Required work -
Would you output the listing exactly, with every image omitted?

Collected data -
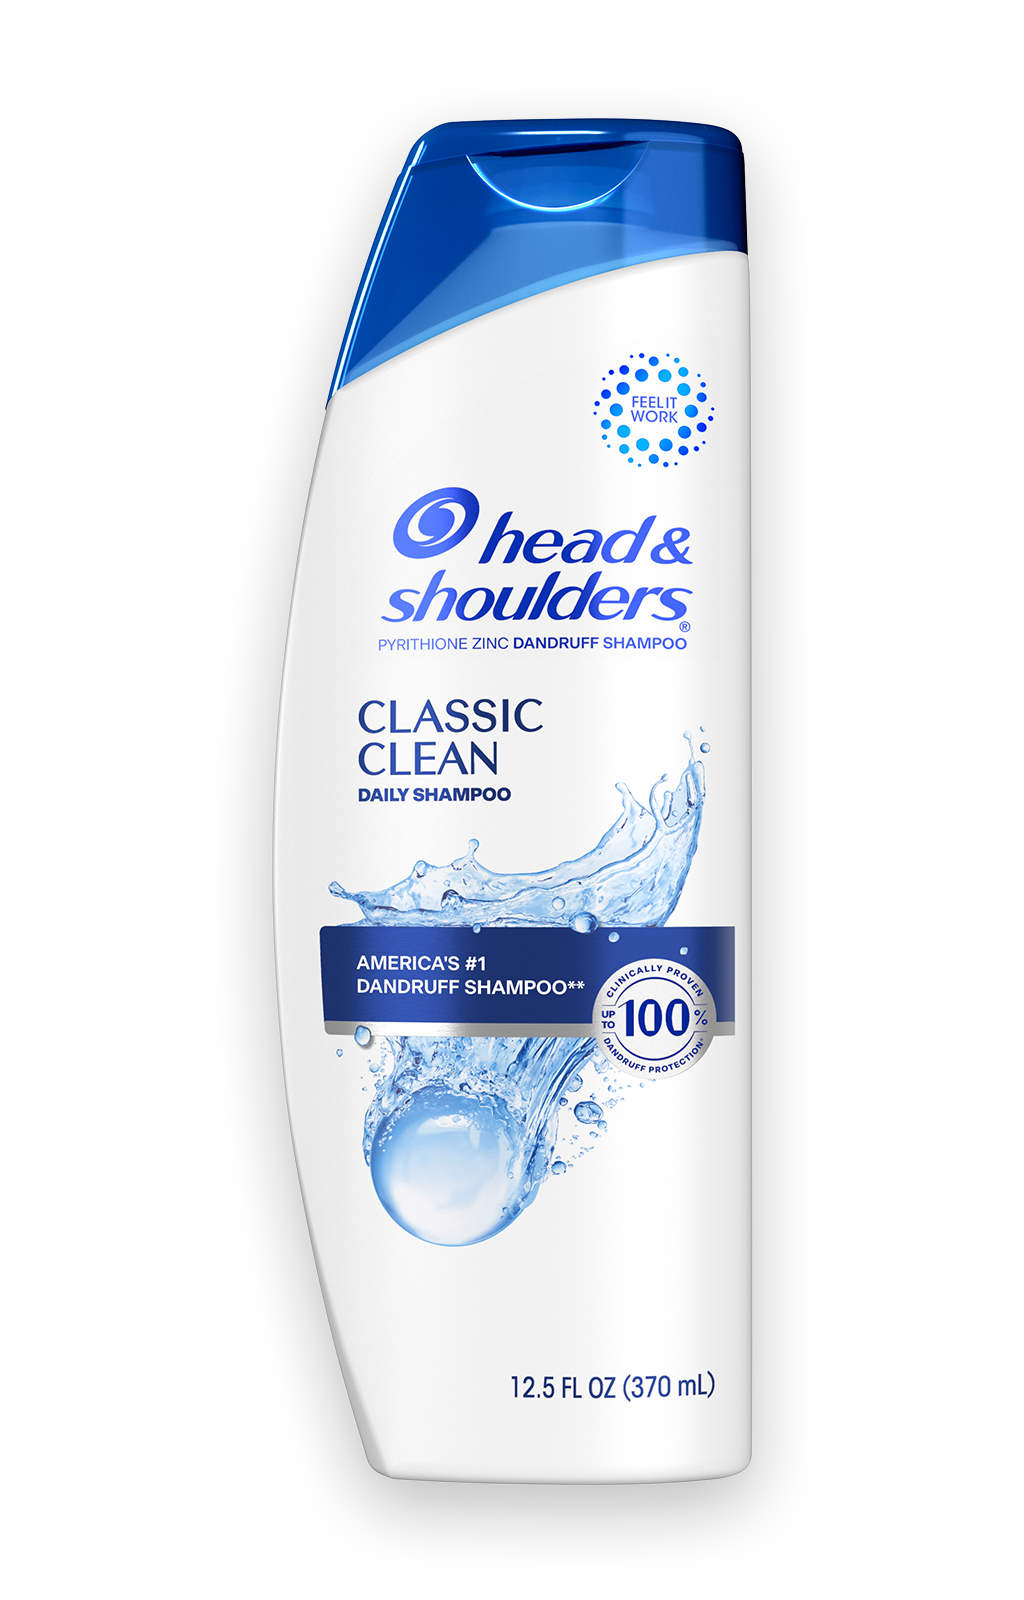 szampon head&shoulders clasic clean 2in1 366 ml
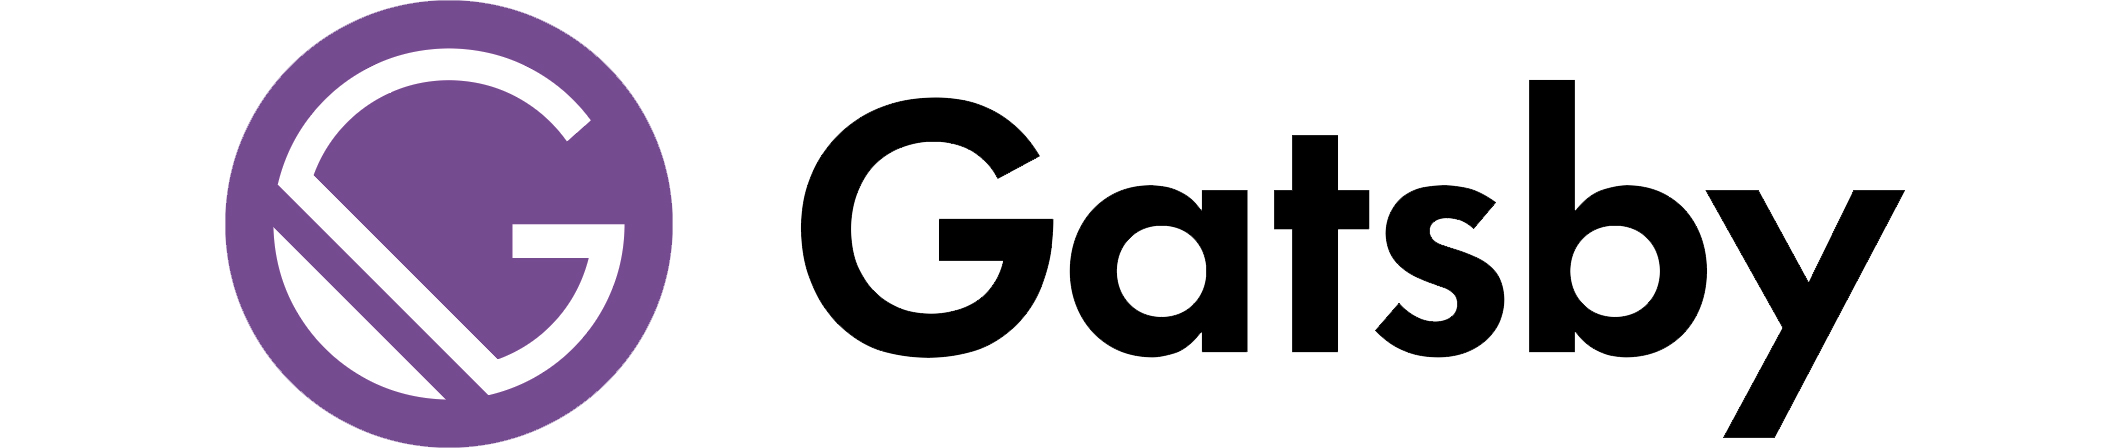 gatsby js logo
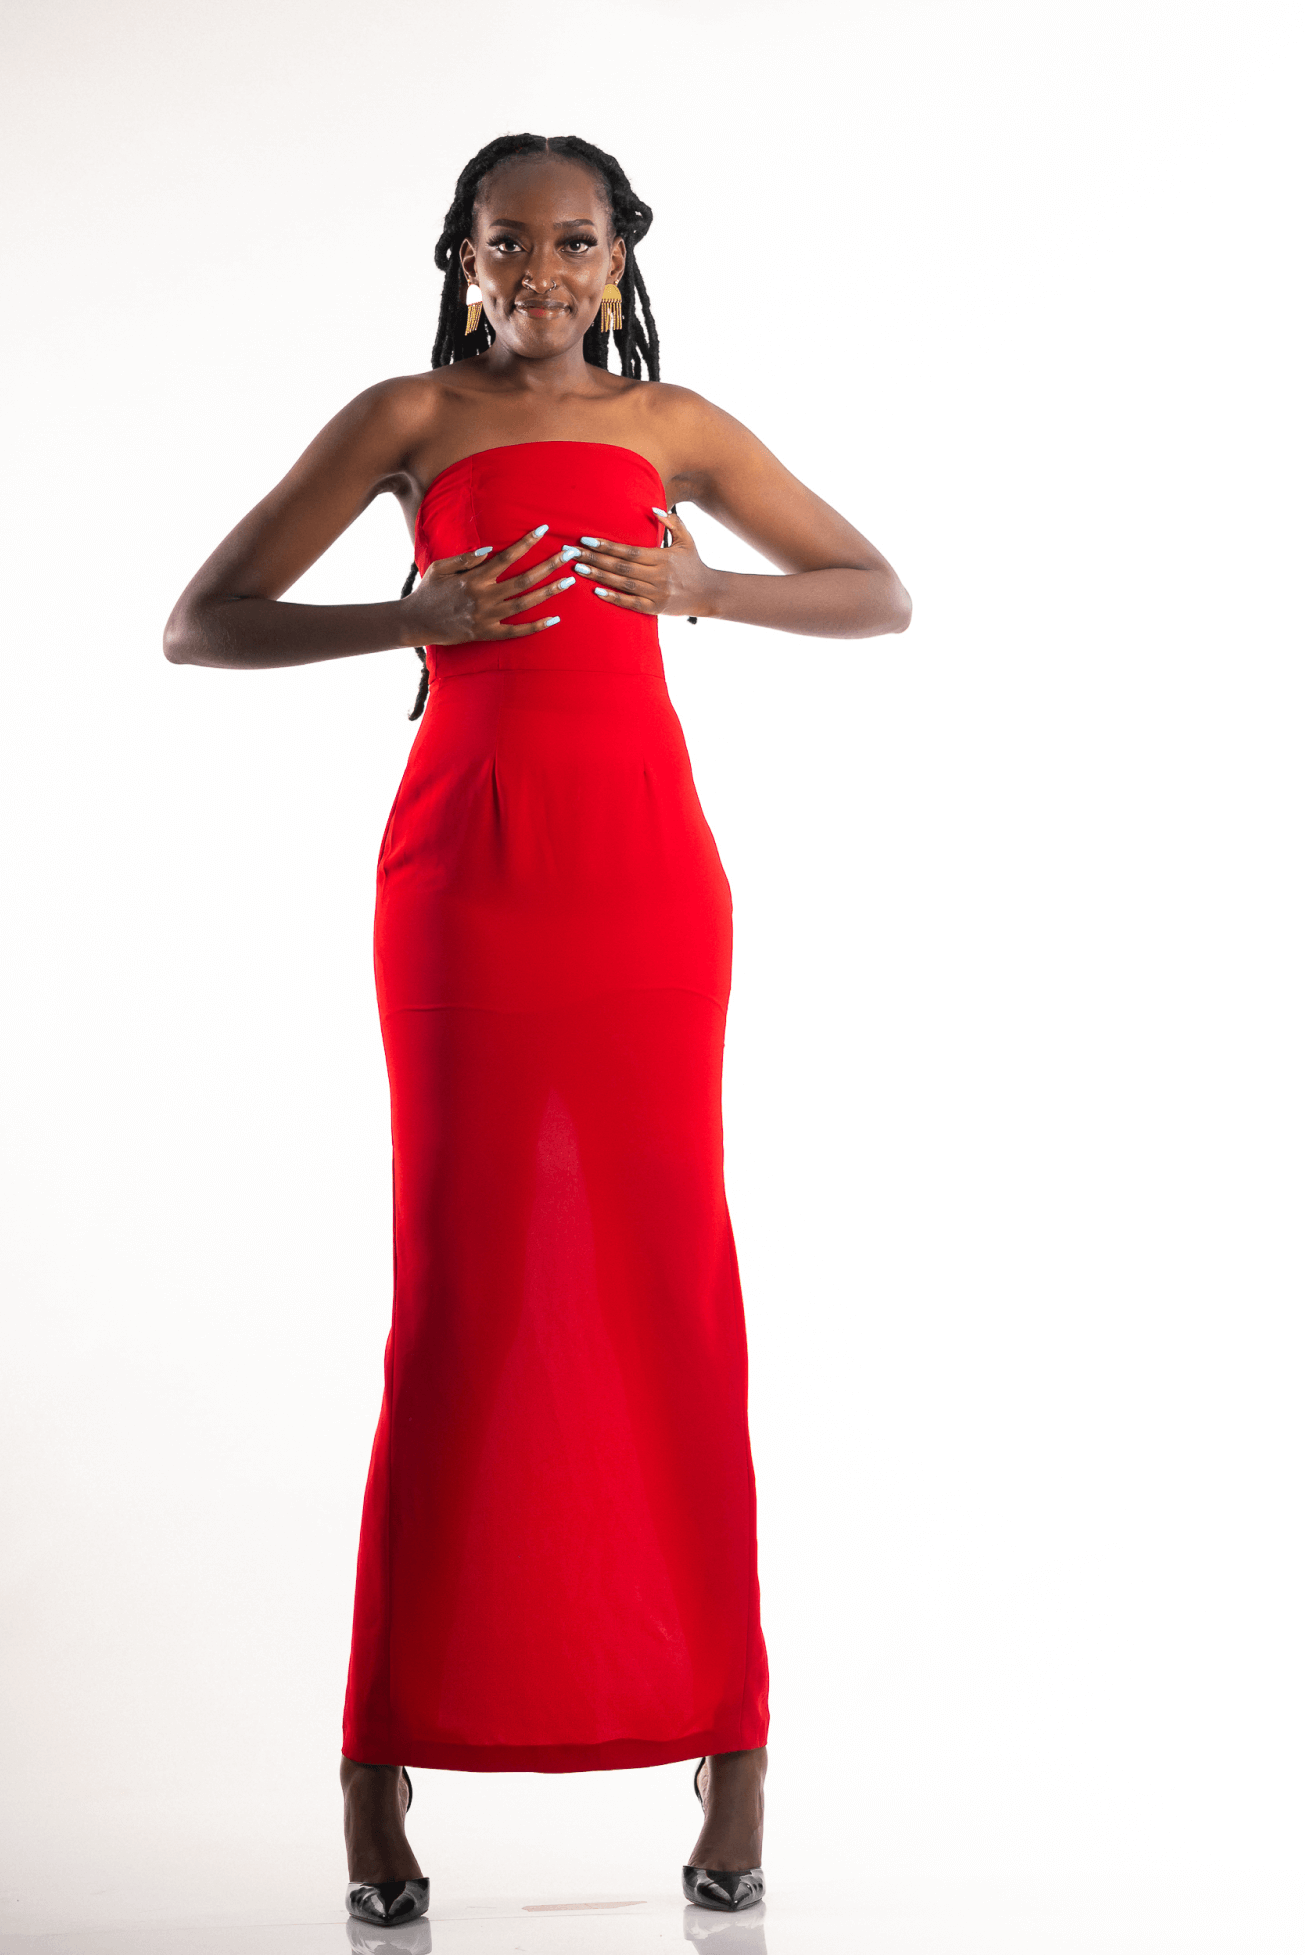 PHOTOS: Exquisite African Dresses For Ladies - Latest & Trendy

Problem solution -
 szampon head&shoulders clasic clean 2in1 366 ml
 gatsby js logo
 PHOTOS: Exquisite African Dresses For Ladies - Latest & Trendy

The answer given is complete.